Highlights and takeaways from the PAGE 2026 AI/ML SIG panel discussion

  • 1.  Highlights and takeaways from the PAGE 2026 AI/ML SIG panel discussion

    Posted 27 days ago

    Hi everyone,

    As part of the AI/ML Special Interest Group (SIG) under the International Society of Pharmacometrics (ISoP), we had the opportunity to organize a panel discussion on the use cases and regulatory considerations of AI/ML in pharmacometrics and clinical pharmacology. I was delighted to co-chair the session with Victoria Ponce, alongside our distinguished panelists, Hao Zhu, Flora Musuamba, and James Lu. For those who couldn't join, we'd like to share a short summary of the discussion and what it might mean for our community.

    Snapshot

    • Rapid adoption: AI/ML-related submissions to FDA grew from ~1 per year (2016) to ~500 per year (2025); oncology leads, then gastroenterology and neurology/psychiatry.

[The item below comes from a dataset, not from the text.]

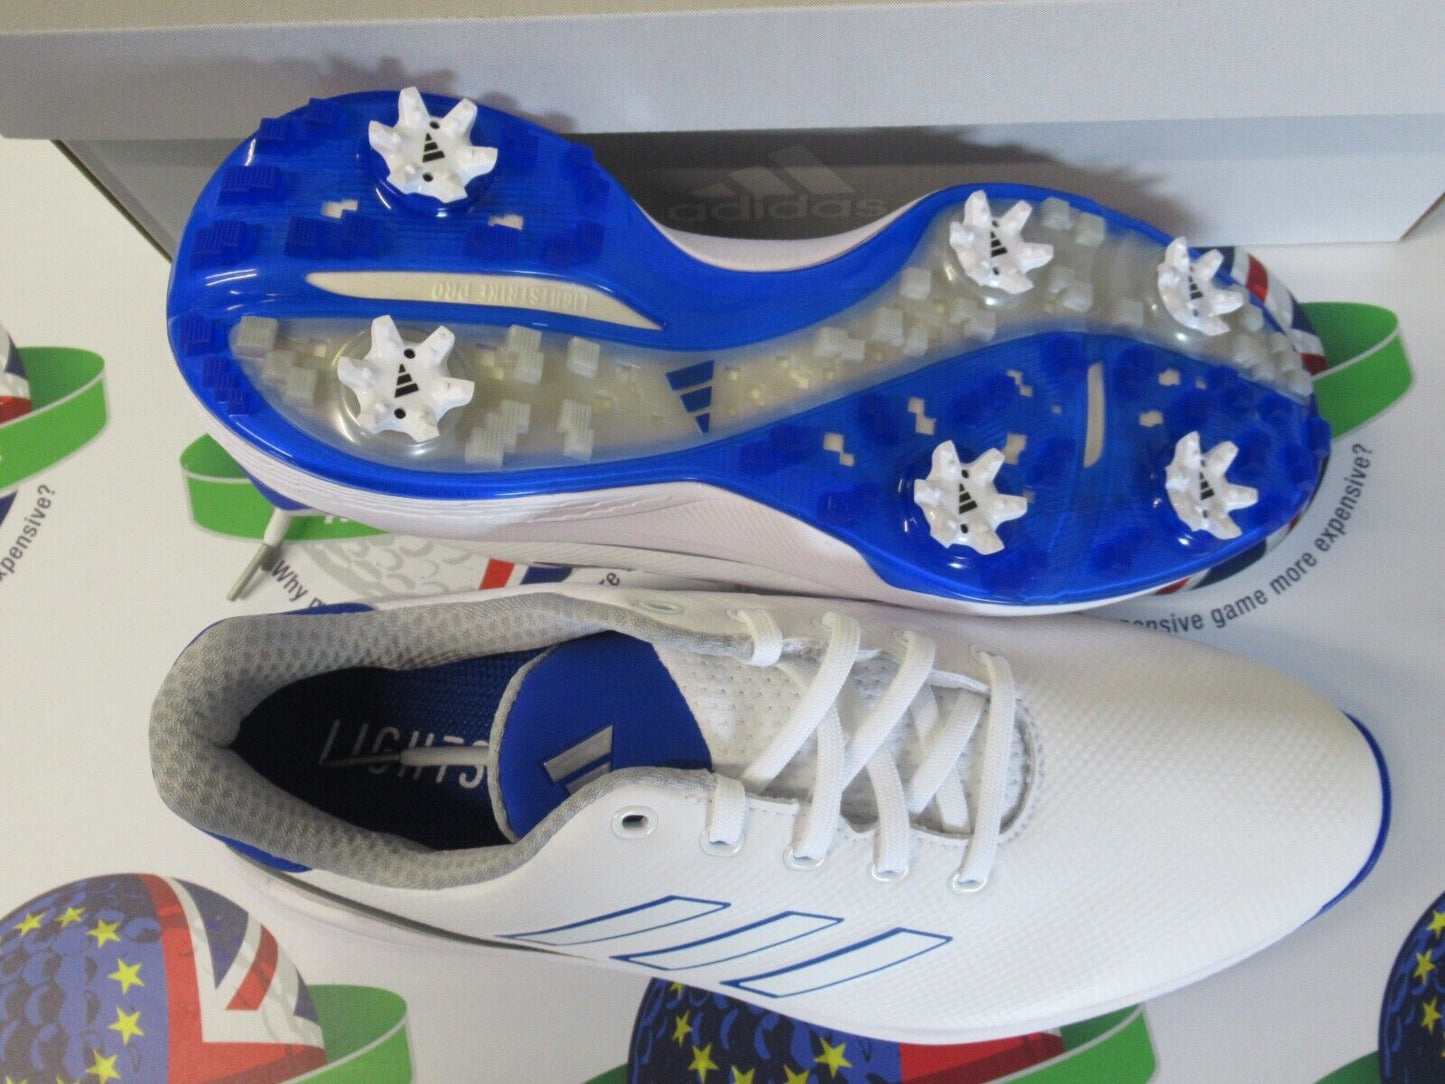 adidas zg23 waterproof golf shoes white/blue uk size 11 medium

    • Where the room stood (live poll): ~50% using AI/ML internally, ~37% piloting/exploring, only ~4% had contributed AI/ML to a regulatory submission.

    The headline

    • There is not a separate "AI checklist": Regulators assess it like any other method by the question it answers and the risk to patients, not by the algorithm.

    • The guidance has converged. EMA, FDA, a joint FDA-EMA set of principles, and ICH M15 now point in the same direction.

    Regulators converged (2024–2026)

    • EMA Reflection Paper on AI in the medicinal-product lifecycle, final, Sep 2024 (risk-based, whole lifecycle).

    • FDA draft guidance on AI to support regulatory decision-making, Jan 2025 (a 7-step, risk-based credibility framework tied to the context of use).

    • Joint FDA-EMA Guiding Principles of Good AI Practice in Drug Development, Jan 2026 (10 principles: human oversight, risk management, data governance, transparency, lifecycle).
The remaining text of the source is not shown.